Segundo Vasconcelos, há um agravante na violência sofrida em mulheres indígenas, isso se dá principalmente ao fato de muitas não terem acesso a uma Unidade Básica de Saúde (UBS), sendo dependentes de equipes médicas itinerárias, outro fator que implica na realização adequada do pré-natal, é também a escassez de informações nas linguagens dessas gestantes. 

“De acordo com elas, médicos/as e enfermeiras, em muitos casos, demonstraram certa irritação quando eram questionados com muitas perguntas pela gestante. Geralmente, os esclarecimentos de dúvidas não ocorriam devido ao pouco tempo de escuta e por explicações e recomendações realizadas em uma linguagem altamente técnica do campo da saúde. Também se queixavam da padronização das consultas que não esclarecem sobre os cuidados e procedimentos específicos correspondentes a cada etapa da gravidez”, relata Vasconcelos sobre as pacientes indígenas. 

As mulheres ouvidas no projeto de extensão “Tinre yenpoiya” relatam que no primeiro momento, ao chegarem na principal maternidade do estado, são encaminhados à um profissional da saúde o qual não identifica sua especialidade, nessa ocasião também é realizado os primeiros exames de toque para saberem a dilatação.

“Práticas como exames repetitivos de toques também não são procedimentos consultados, apenas comunicados. A resistência e/ou recusa à realização dos exames de toque e a utilização e/ou interrompimento de remédios para indução do parto endovenosa é percebido negativamente pelos profissionais de saúde ", diz a professora.

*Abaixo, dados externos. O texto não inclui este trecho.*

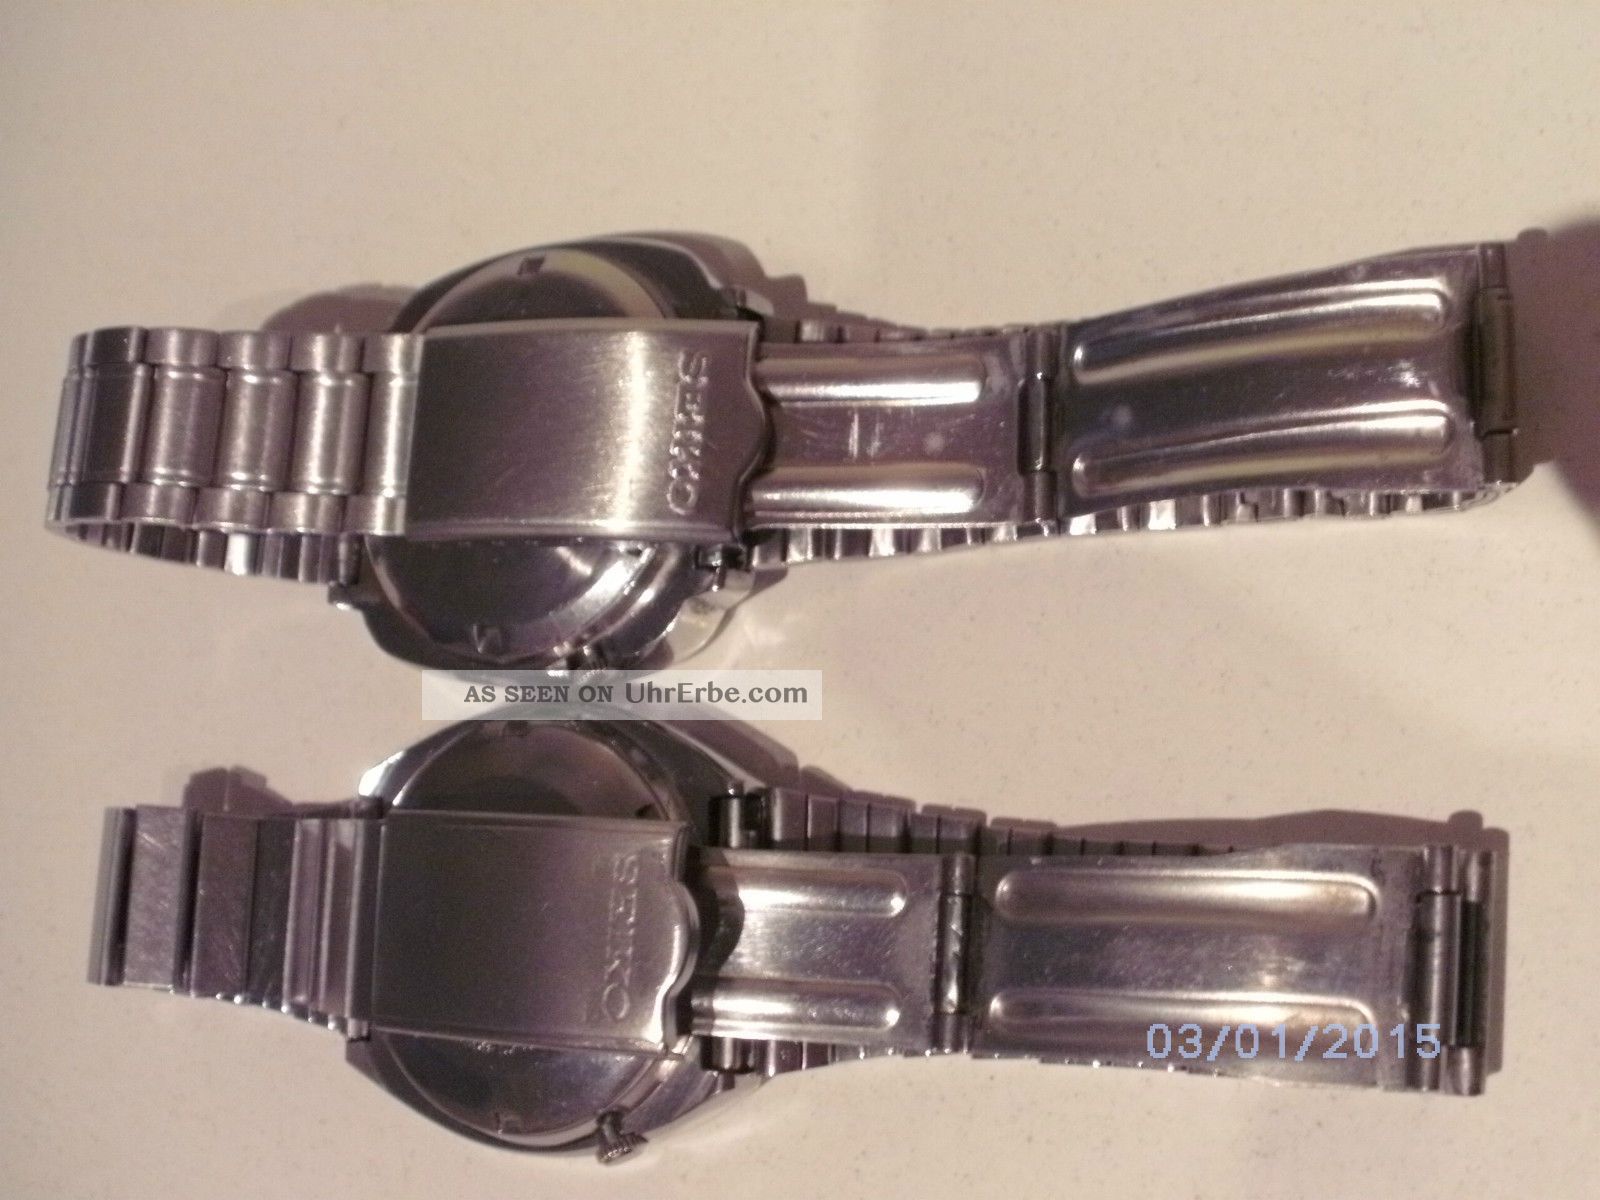 Zwei Seiko 5 Automatik Uhren Mit Metallarmband

Outro destaque frequente nos relatos, é a proibição por parte da maternidade em conceder a escolha de um acompanhante do gênero masculino durante o parto. “A gestão da unidade hospitalar alega falta de estrutura para garantir a privacidade de cada mulher”, explica Iana. 

No entanto, de acordo com a Lei Federal nº 11.108 é direito das gestantes escolherem seu acompanhante, com a única objeção de ter acima de 18 anos. Além disso, na lei consta que “a mulher tem direito a um ambiente sossegado, privativo, arejado e sem ruídos durante todas as etapas do nascimento do bebê”.

Em 2023, as mulheres alcançaram mais uma conquista, após a lei 14.737/2023 ser sancionada pelo presidente Luiz Inácio Lula da Silva. A nova política pública assegura o consentimento das gestantes terem um acompanhante durante todo o seu período de atendimento em uma unidade de saúde pública ou privada. Além disso, em casos de procedimentos em que envolvam sedação ou qualquer rebaixamento do nível de consciência, a própria unidade de saúde deverá indicar um acompanhante.